12th February, 2006. 3:00 pm.

Right. Nick's got her mobile on in her pocket, so I can listen.
"We'll read your names out in order of how many marks you got, top first. The bottom three will go home."
PLEASE let Kirsty be going home.
"Our top model so far is .... Kahlen."
At least she's not top.
"Second is .... Kaethe."
YAY for Kaethe! She's staying and she's better than Kirsty! Better than Nick too, surprisingly.
"Third .... Nicolette."
Nick doesn't seem to be kicking and screaming, maybe she will later.
"Fourth .... Emma. Fifth .... Katy C."
Well done, Katy C.
"Sixth .... Natalya. Seventh .... Caitie S."
And the other one.
"Eighth .... Lila. And our ninth model is ...."
Freya! Someone I don't know! The other person I don't know! NOT KIRSTY!
".... Kirsty. Freya, Gemma, Francesca - we're sorry to lose you. Good luck in the future, girls."

I hear a little crying, then a fart, then the phone goes dead. Damn Nick's talent for farting on command! And damn Kirsty for getting in. She'll be so SMUG later. At least she was last, after Kaethe, Nick, Katy and Caitie, and four others. Time to go to Melissa's - and on the way, I'll call Jus and tell him about Nick farting down the phone at me. He loves farting, hehe.

Make Notes

12th February, 2006. 1:39 pm.

Wow. Been a while hasn't it? Ah well, not much has happened. We got in deep shit for the school pics, Cathcart even wanted Brig suspended! She talked about it in assembly, in front of us and Y11, and so many people were trying to stifle laughs. Brig managed to use her mother to worm her way out of it, her punishment went down to a week's detention. Jen, Janet and Justin were suspended for the rest of the term, though Jus had to come in once for a meeting with the school counsellor - "Do you think you need to be a girl, Justin, or Justine if you prefer?". He was mortified, and when everyone found out, he was happy to be suspended. Poor Jus, he will never look like a real boy.

Other things still the same. James is still going out with Kirsty - I wish he'd break up with the bloody cow. She's off on the model weekend thing today - Nick's going to call me at three, when the results come in, to say who did and didn't get through. We're going to lunch with them at five. Each model is allowed to bring one friend or family member. Kaethe asked me, and Nick called earlier to say that Melissa could come along as Caitie's friend, as she's got no-one and both Nick's mum and Freya's mum just HAVE to be there. Justin doesn't want to join us.

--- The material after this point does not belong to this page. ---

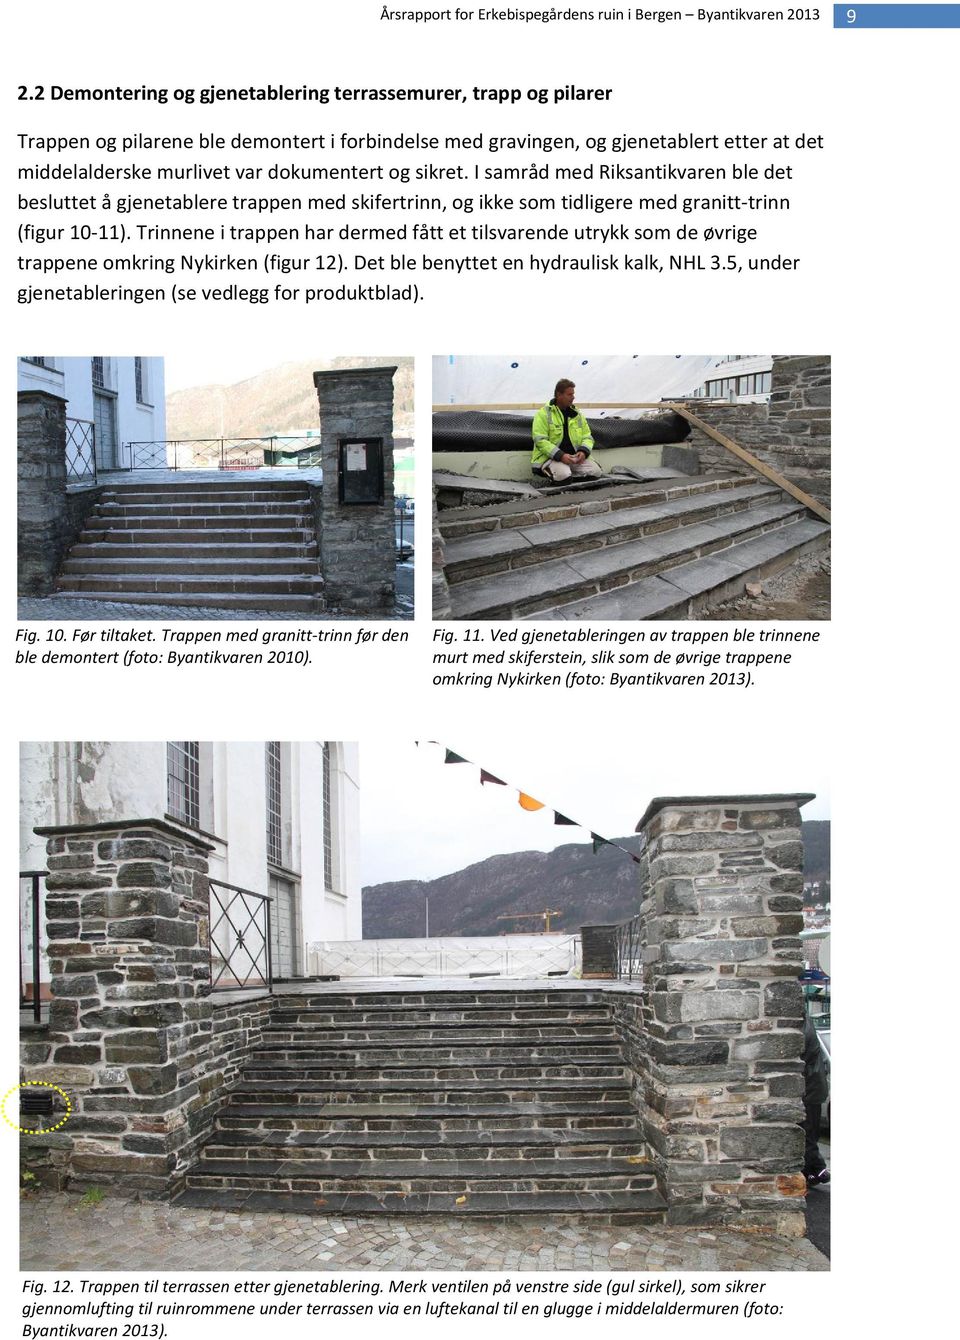 Trinnene i trappen har dermed fått et tilsvarende utrykk som de øvrige trappene omkring Nykirken (figur 12). Det ble benyttet en hydraulisk kalk, NHL 3.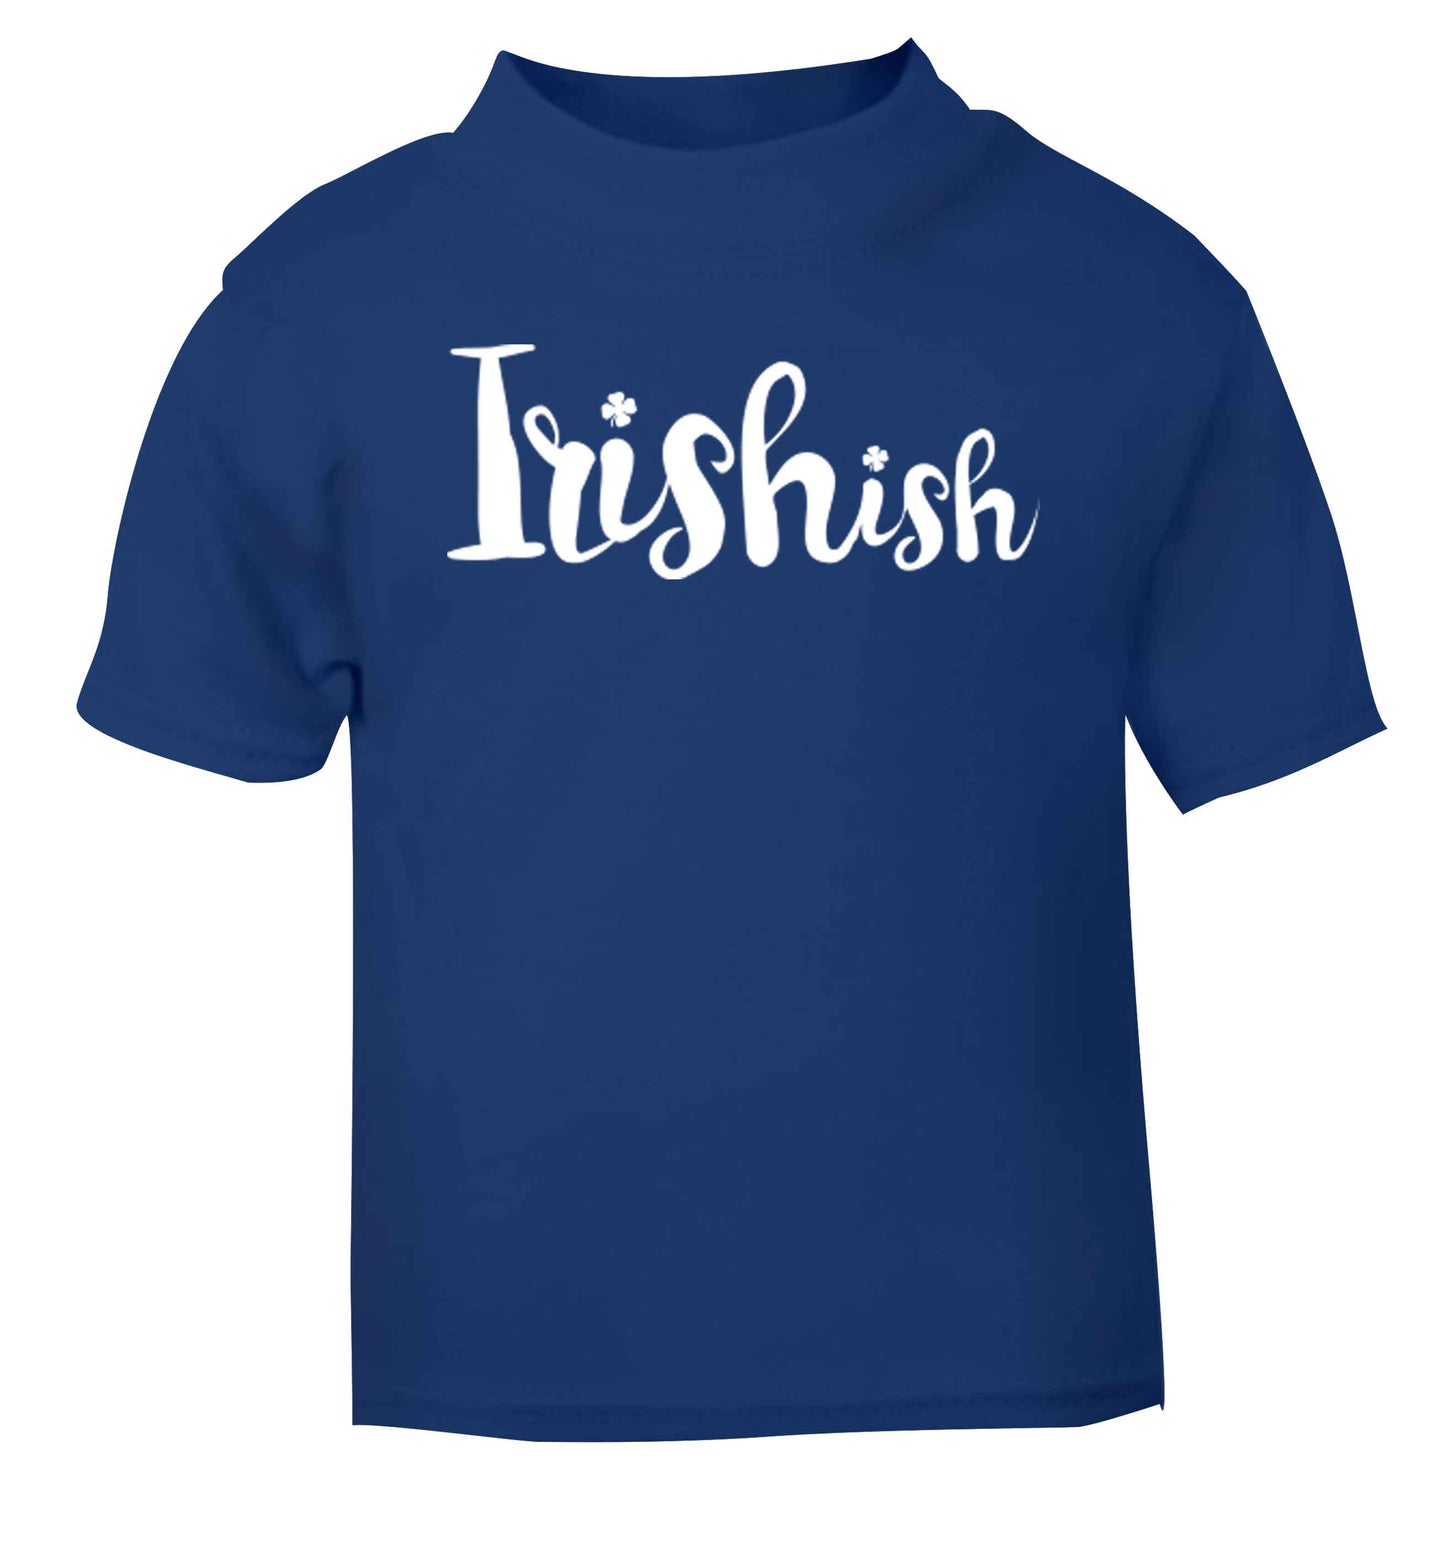 Irishish blue baby toddler Tshirt 2 Years

James will be invited by Bad Facelift. Now is my time to shine. Melissa will do me up perfectly - I will get James to love me if it's the last thing I ever do. It'll be harder than before if I'm surrounded by pretty girls, but I can beat them all.

Make Notes

30th January, 2006. 6:48 pm.

School pictures were actually quite a laugh. Operation Bridgette worked PERFECTLY. Justin, Janet, Jen and Big Dave mysteriously came down with colds - I wonder why? So they, Melissa, Ginger and Kaethe (with all the time she spends being gastrically challenged, they en't gonna let her near the pool) wrecked Brig's uniform. We had to stop ourselves from giggling when her buttons kept falling out of their holes so that you could see her bra, sewn over double so that it could barely cover anything. Ginger is the Goddess of sewing, so it didn't even look like it had been tampered with. Also, Freya was standing behind Brig for the picture, and balanced a spoon on her head.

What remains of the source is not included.